▸ **WHAT IS NEEDED**
For the listing that follows, give again exactly the lines from the one with "Elizabeth Raffeld - 'The" to the one with "5) Corned Beef and Cabbage", including both.

▸ **INPUT RECORDS**
[Start of Attachment]

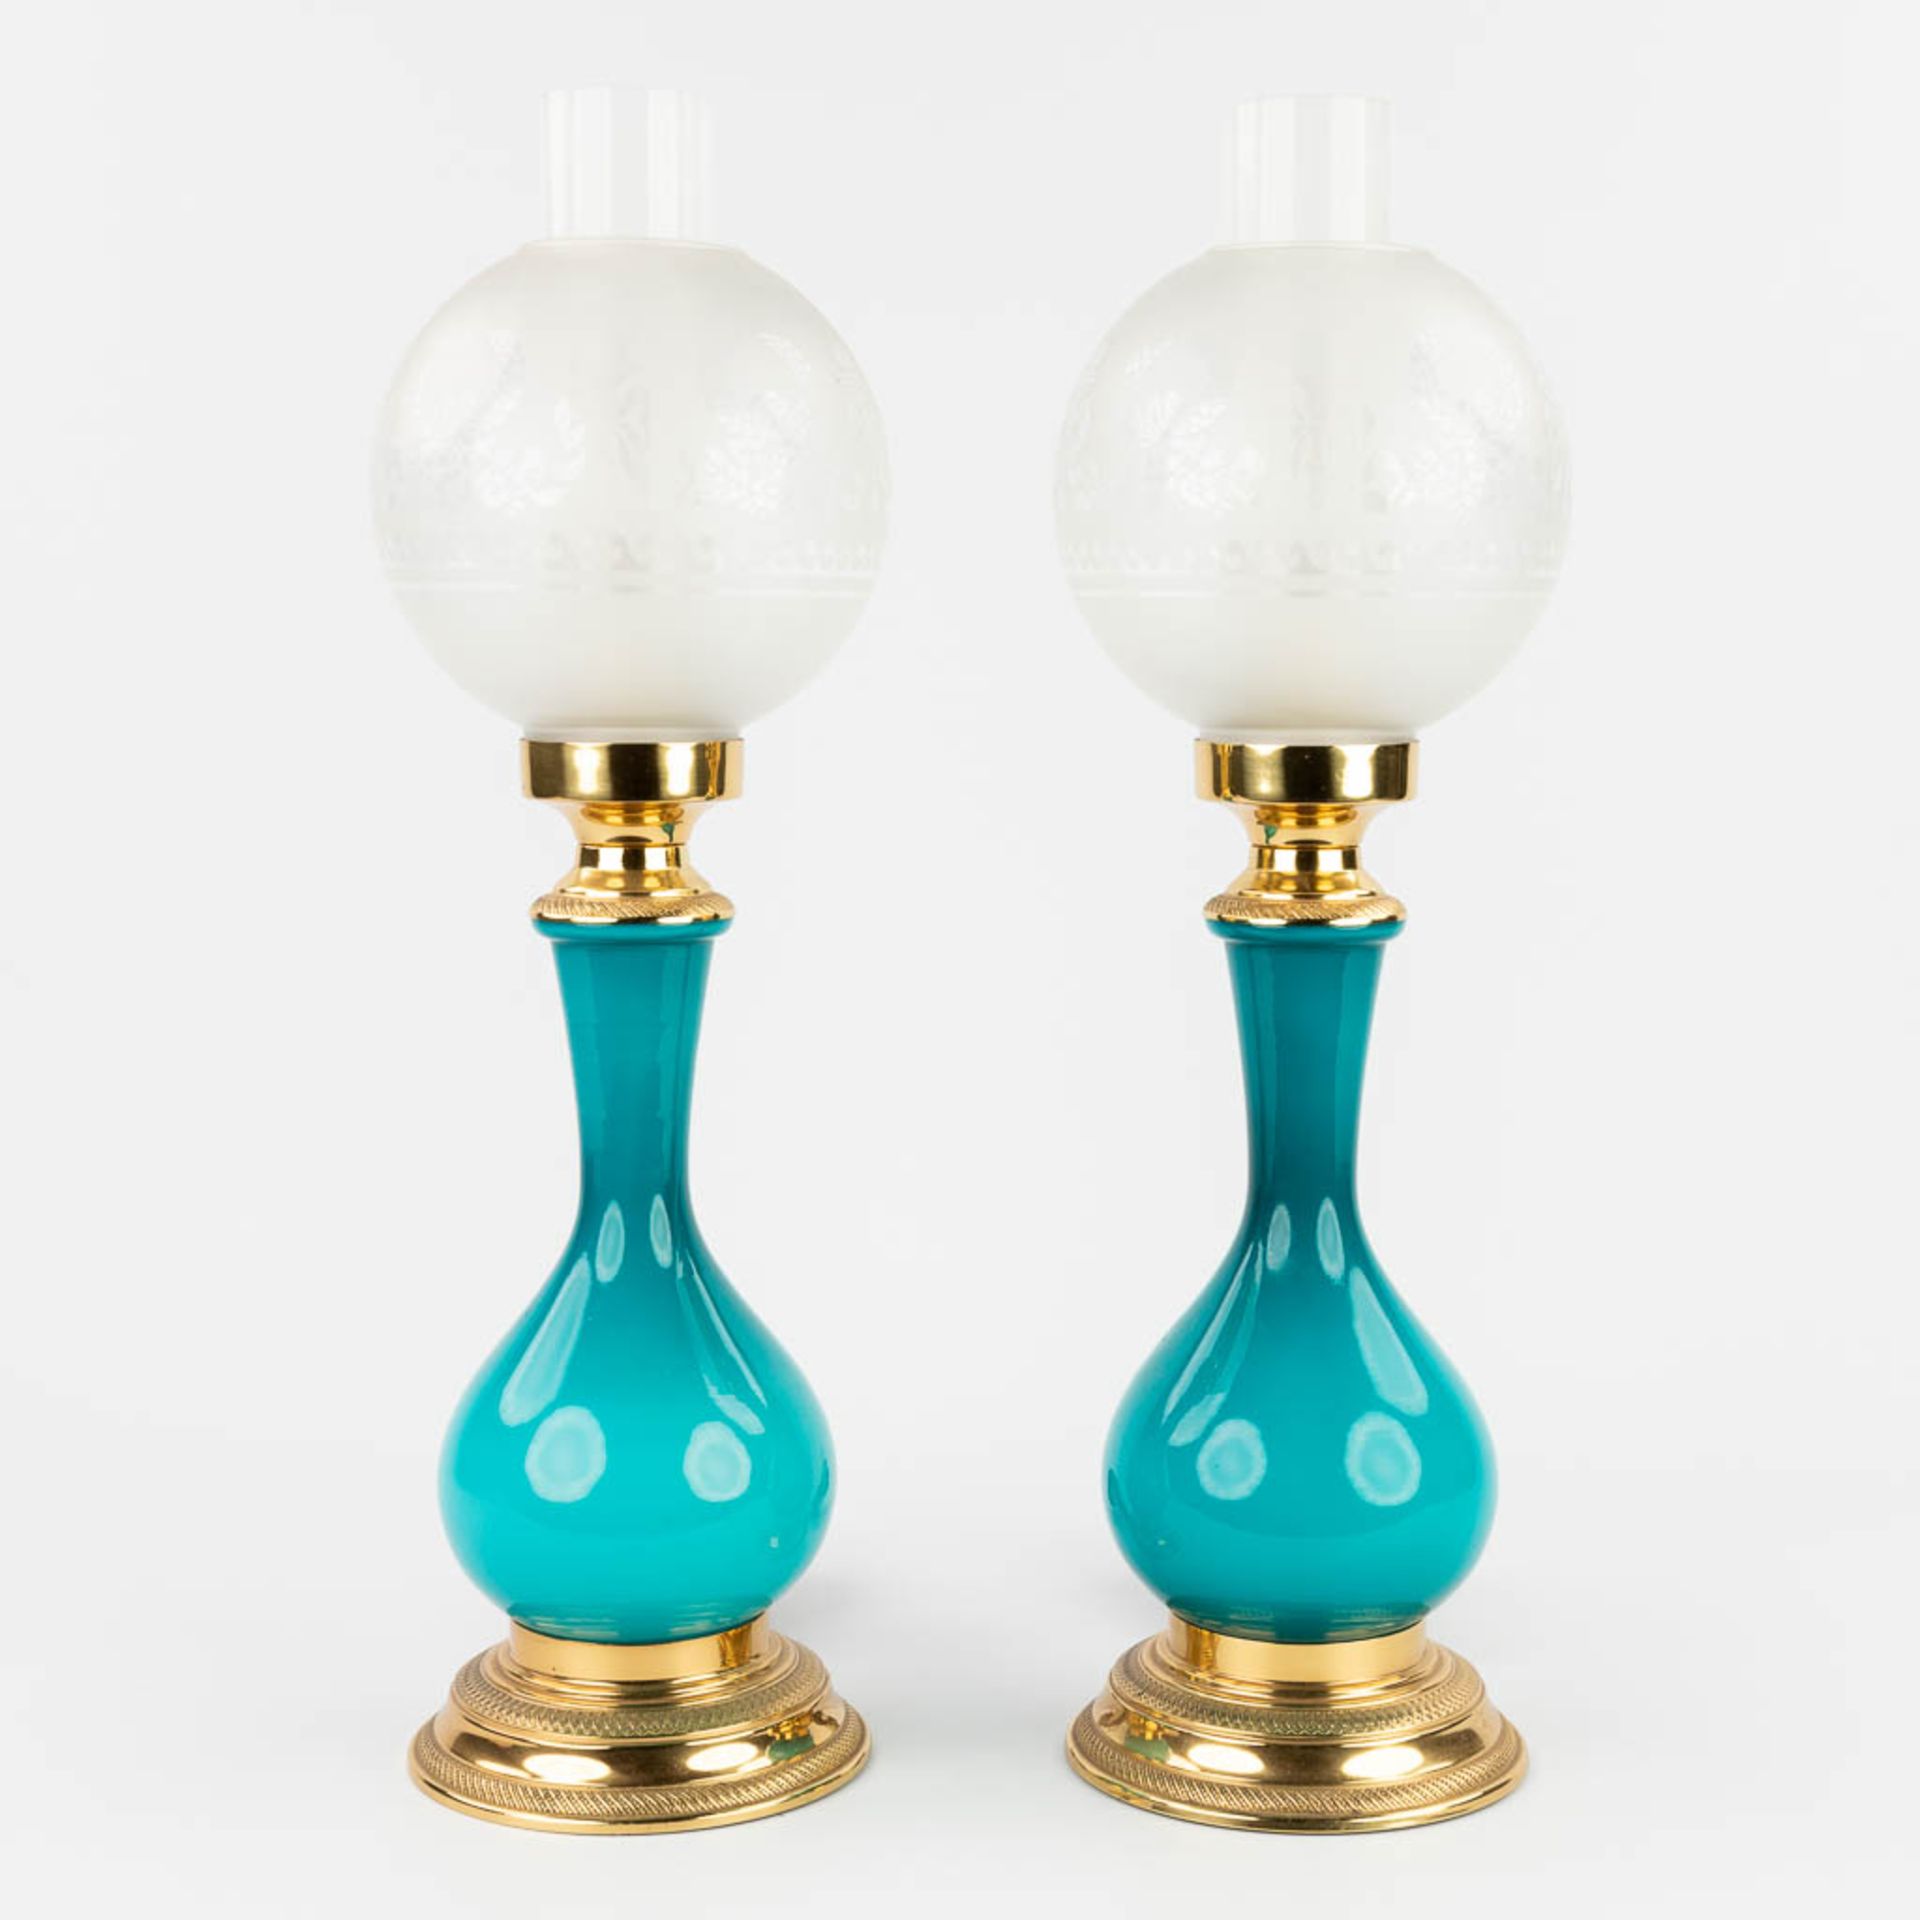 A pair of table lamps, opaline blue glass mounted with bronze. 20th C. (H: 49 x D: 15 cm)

[End of Attachment]
[Start of Attachment]

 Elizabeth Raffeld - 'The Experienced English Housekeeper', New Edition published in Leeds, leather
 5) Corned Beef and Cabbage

[End of Attachment]
[Start of Attachment]

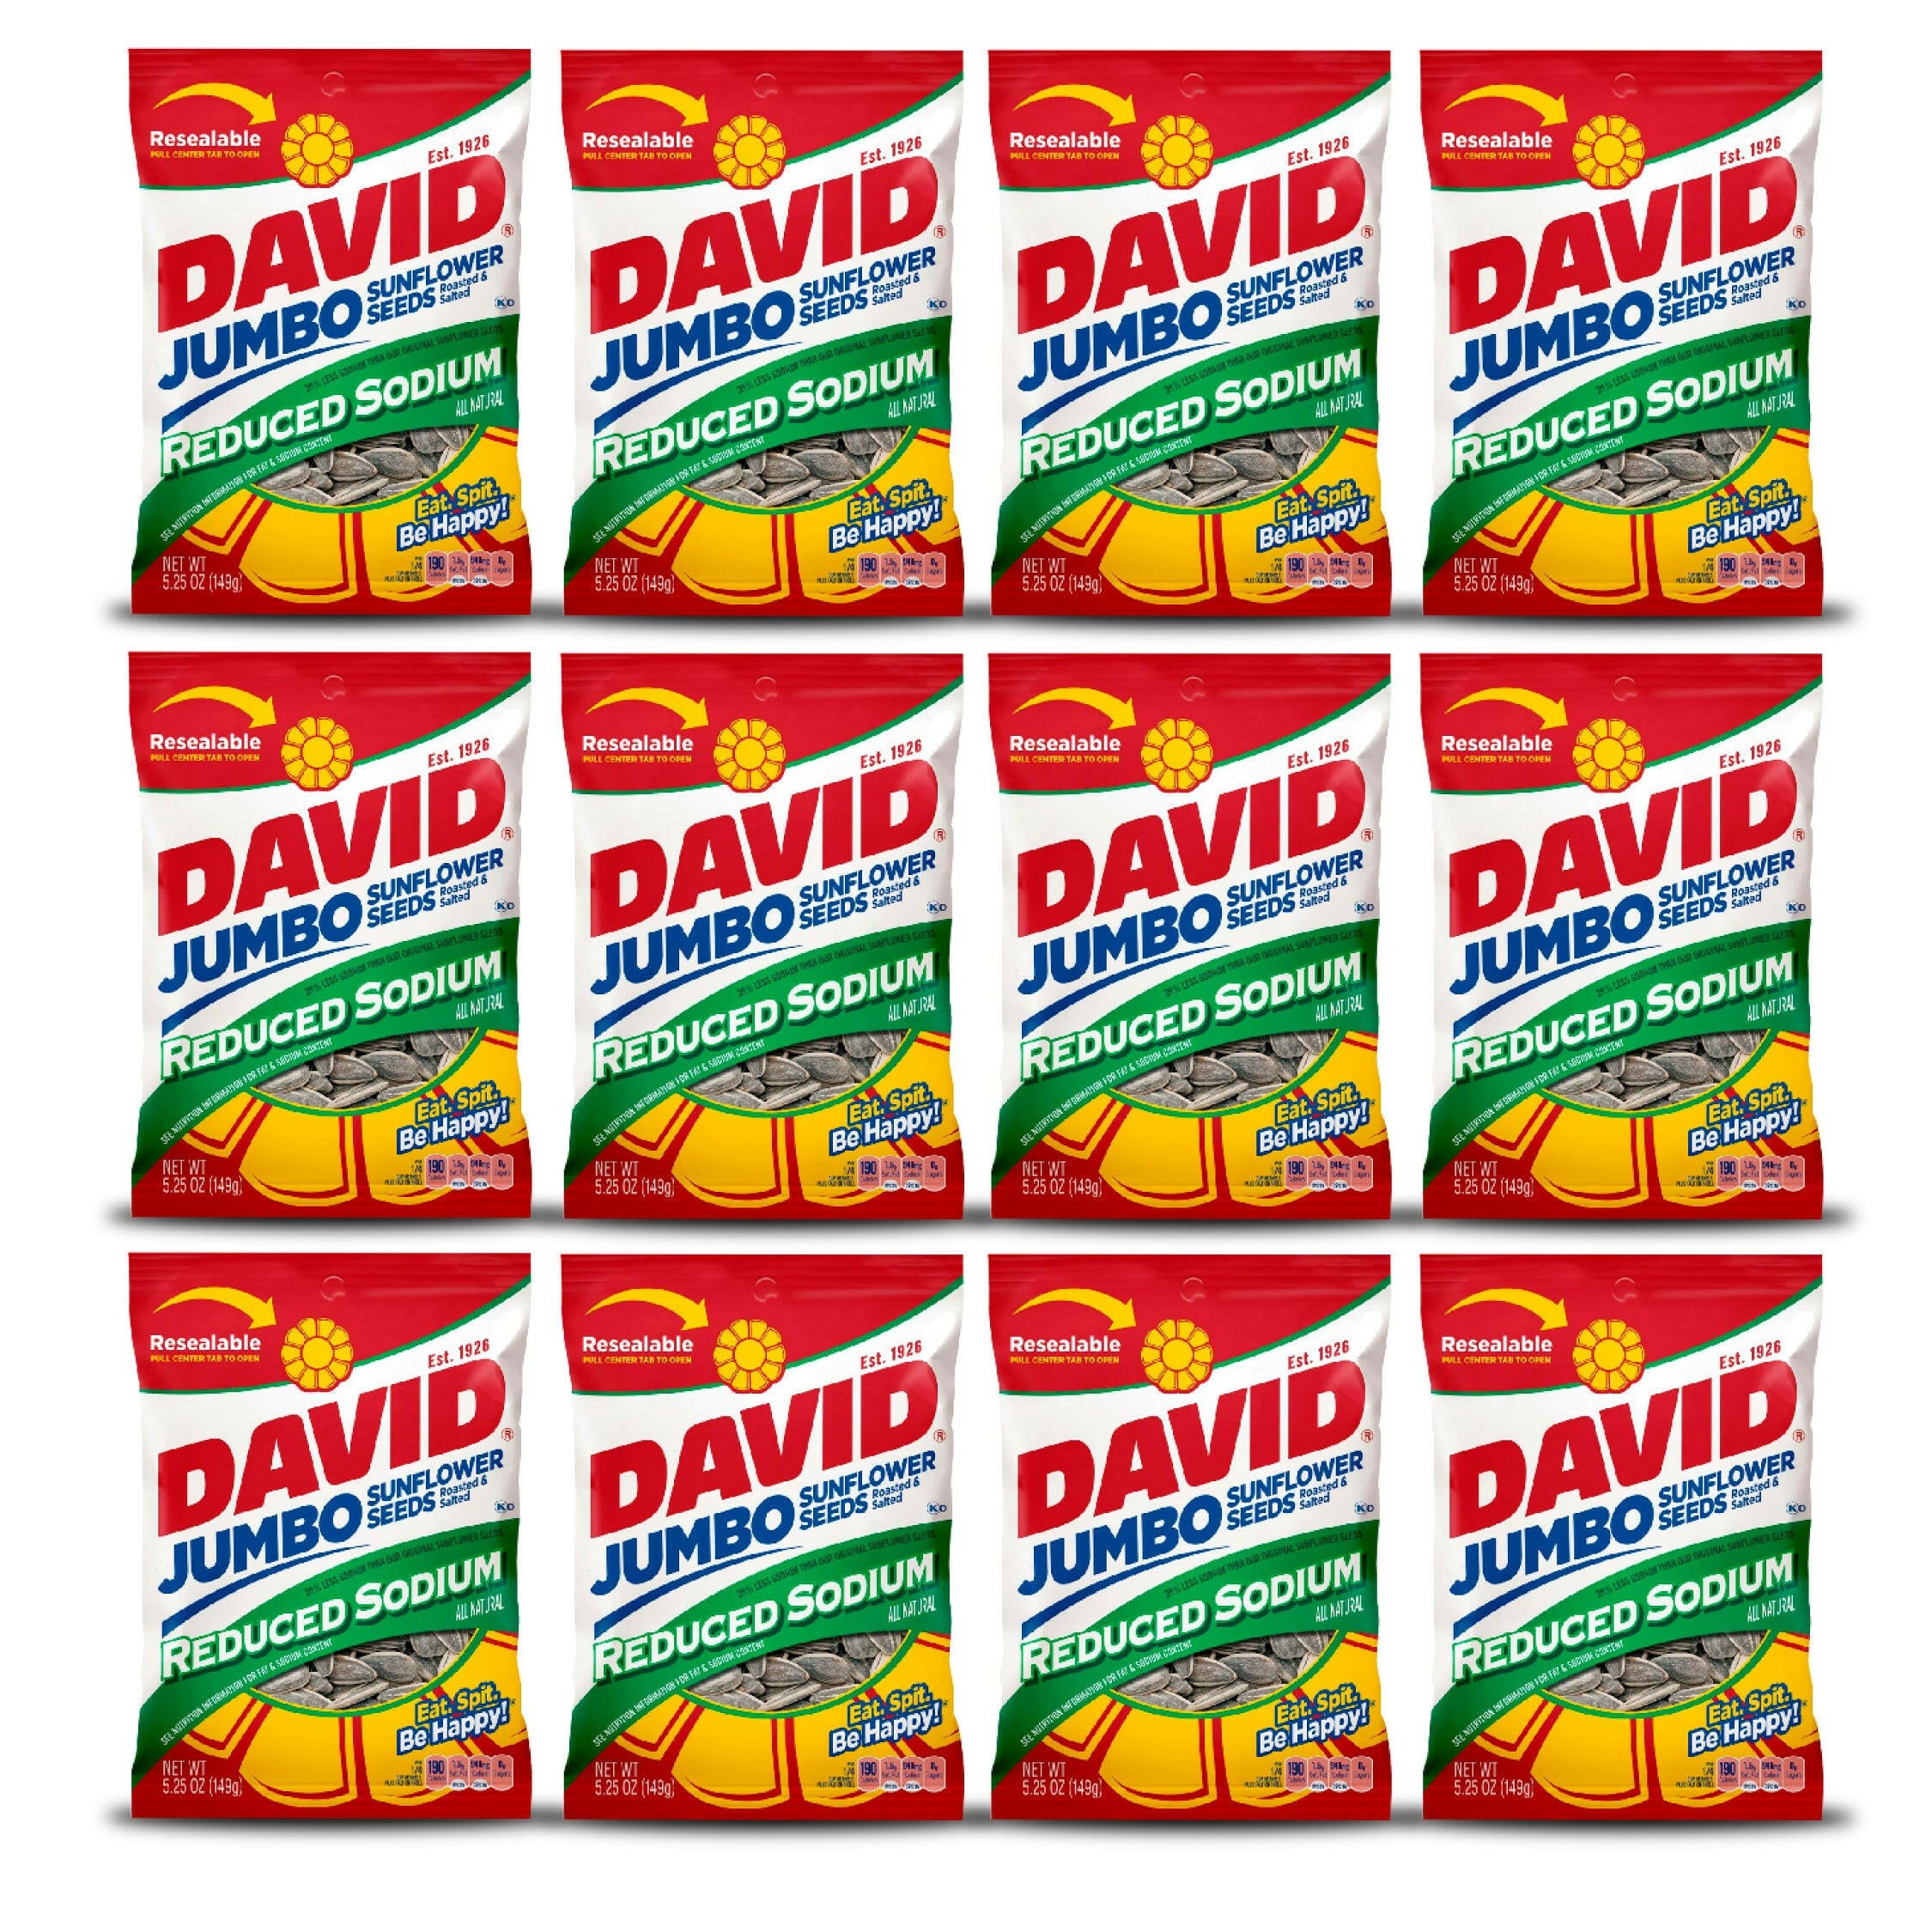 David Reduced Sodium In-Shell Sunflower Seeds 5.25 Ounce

[End of Attachment]

▸ **RESPONSE FOR THIS EXERCISE**
 Elizabeth Raffeld - 'The Experienced English Housekeeper', New Edition published in Leeds, leather
 5) Corned Beef and Cabbage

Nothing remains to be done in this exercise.